¿Se puede fundar la historia hilvanando retazos bordados, diferentes tramas, puntadas y colores?¿Se puede encontrar en lo heterogéneo la línea del hilo que sostiene las piezas diferentes, las que vienen de manos lejanas y diversas? ¿Es posible encontrar la voz que las sostenga?

Como el amplio compendio de fragmentos de tela bordados por las almas anónimas, las que fundaron un sostén de la memoria en el paño que se exhibe a la mirada de los espectadores, así la voz de quien cuenta se hace cordón de ligazón entre los textos que varían en trama y color, y construye la narración desde la diversidad. Uniendo fragmentos que van de lo verídico del lenguaje periodístico hacia la ficción ancestral de La Odisea, la narradora le pone el cuerpo a una historia que recorre el tiempo a su gusto. A su necesidad. Al ritmo moroso de sus pies descalzos.

Con texto y dirección compartidas por Marcelo Marán y Cecilia Dángelo, Penélope es una de las caras de esa voz, y es la mujer que cuestiona los hechos que se han hecho dignos se ser contados. Porque la memoria histórica ha cantado las hazañas del héroe y no la templanza de la reina. Ha narrado la desventura del navegante, y no el destino amarrado de Circe ni el de Calipso. La voz de la valentía es siempre masculina, y las mujeres de La Odisea son obligadas a hablar de hombres.

La puesta en escena de “Penélope en viaje” es sutil y mesurada, como lo es la actuación de Carina Zelaschi: hay un único trasto escénico que alcanza para mostrar la economía del arte y la efectividad de los recursos. Pero la voz de la mujer es la que hace la diferencia.

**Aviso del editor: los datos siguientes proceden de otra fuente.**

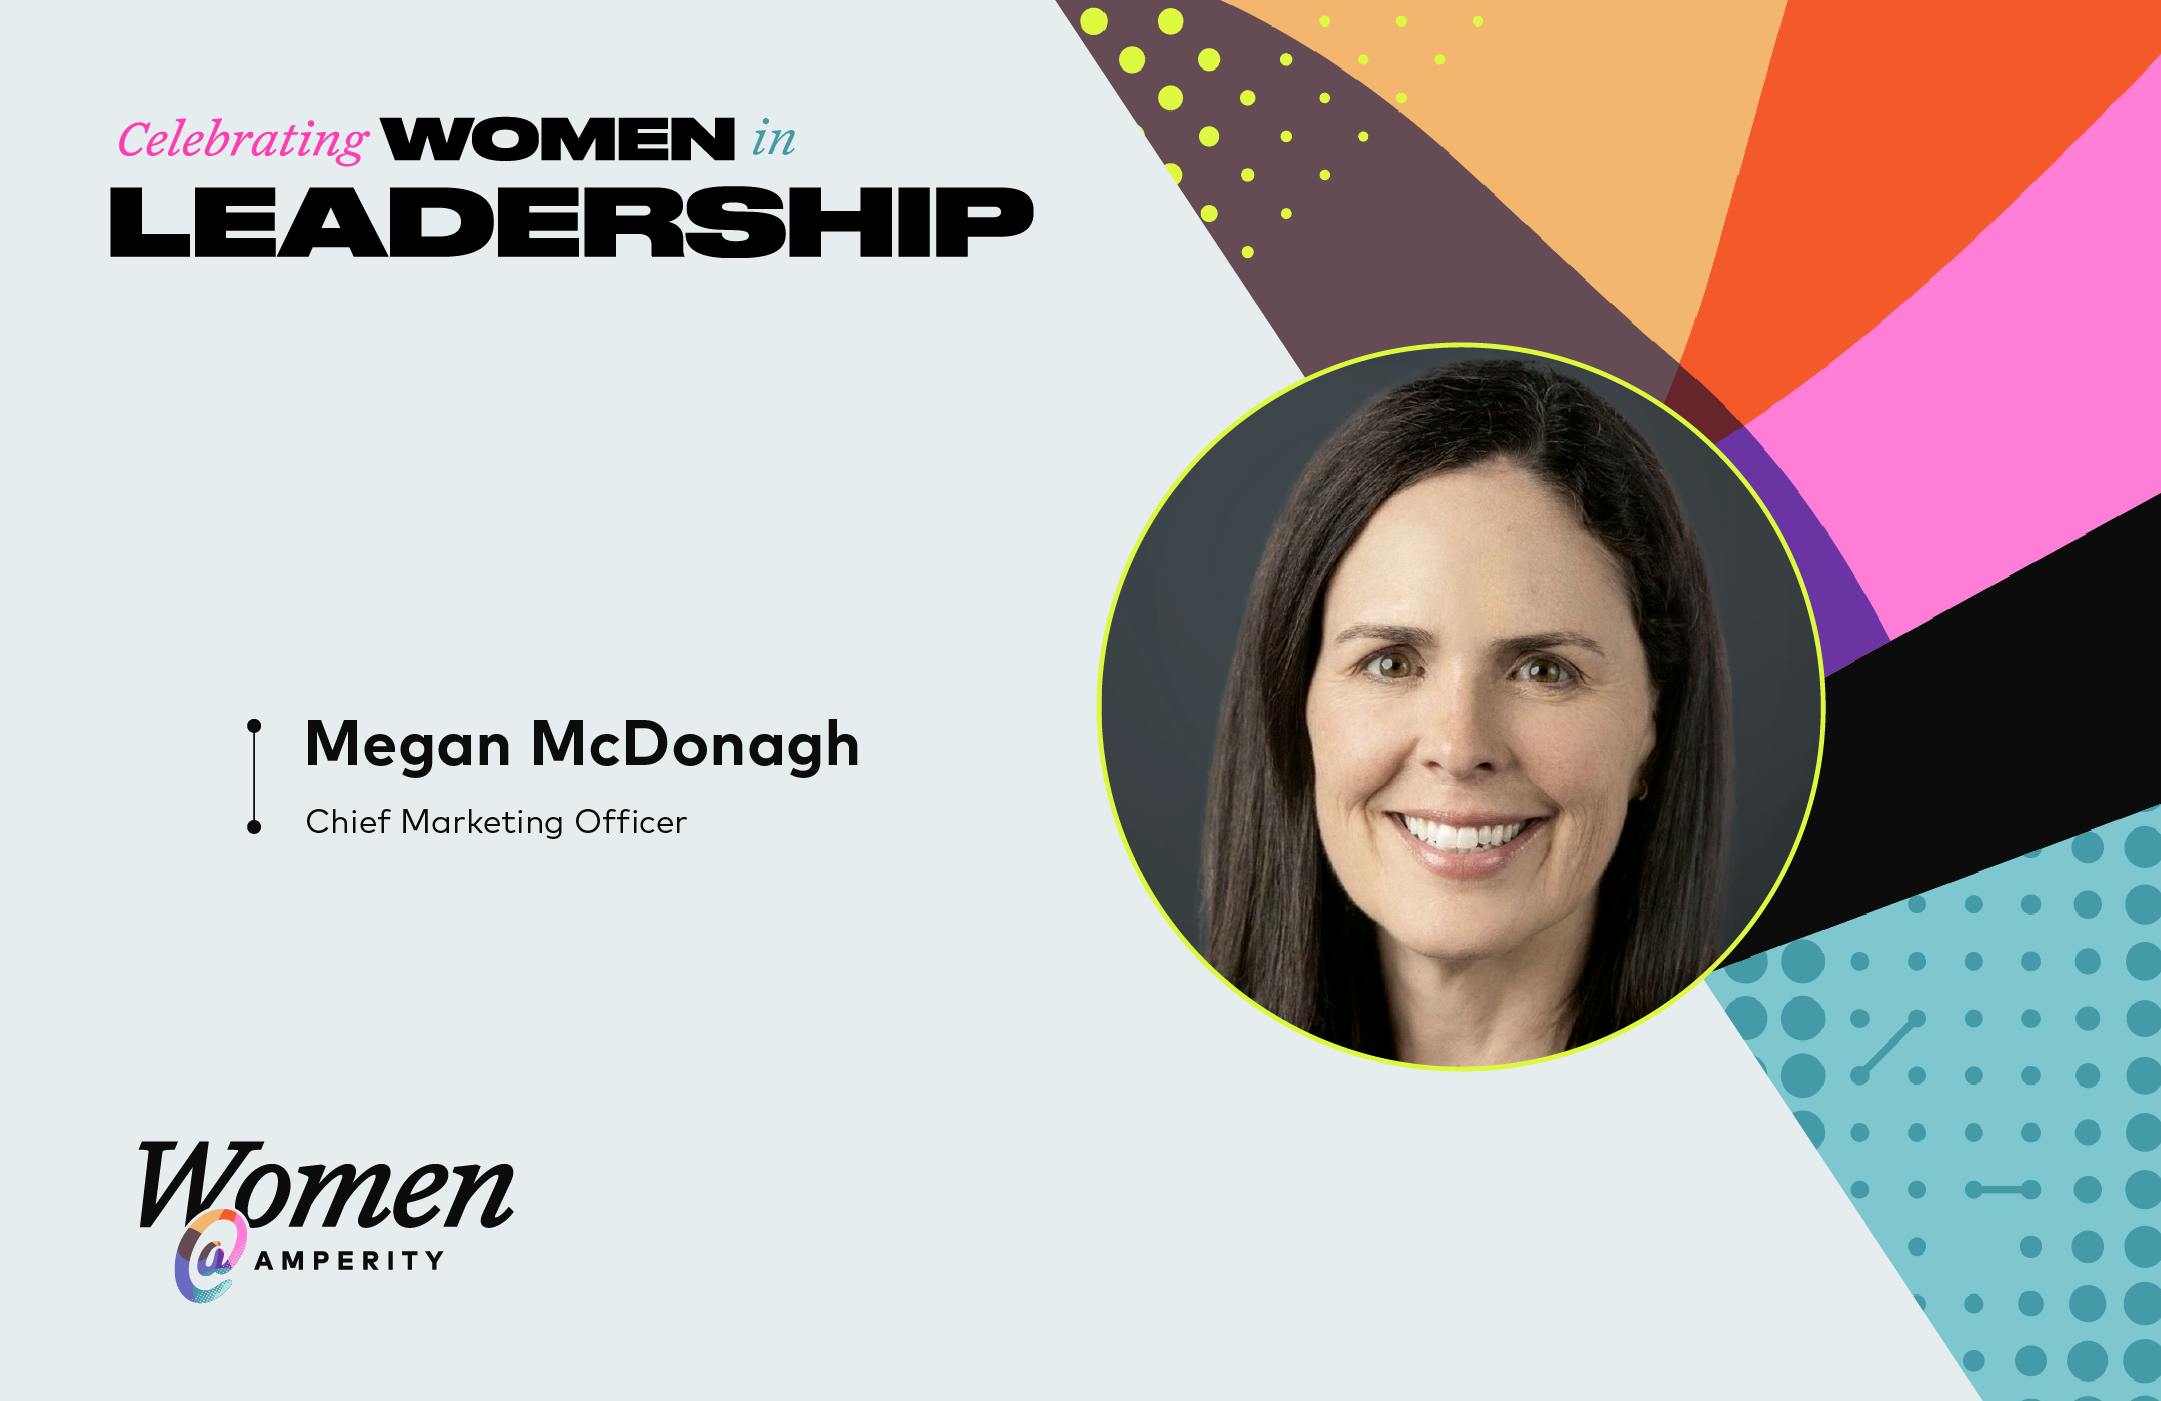 Celebrating women in leadership: Megan McDonagh, CMO at Amperity

Ella es la que narra y acuna. Ella, la que conoce las destrezas del relato oral y se vuelve rapsoda de la antigua Grecia, preguntándole al público qué es lo que merece ser contado. Una mujer sola con la voz y con el cuerpo, para contar otra historia “como nadie sabe”, repite como un mantra. Una Penélope que despliega las velas porque se ha cansado de tanta palabra ajena. E inicia el viaje.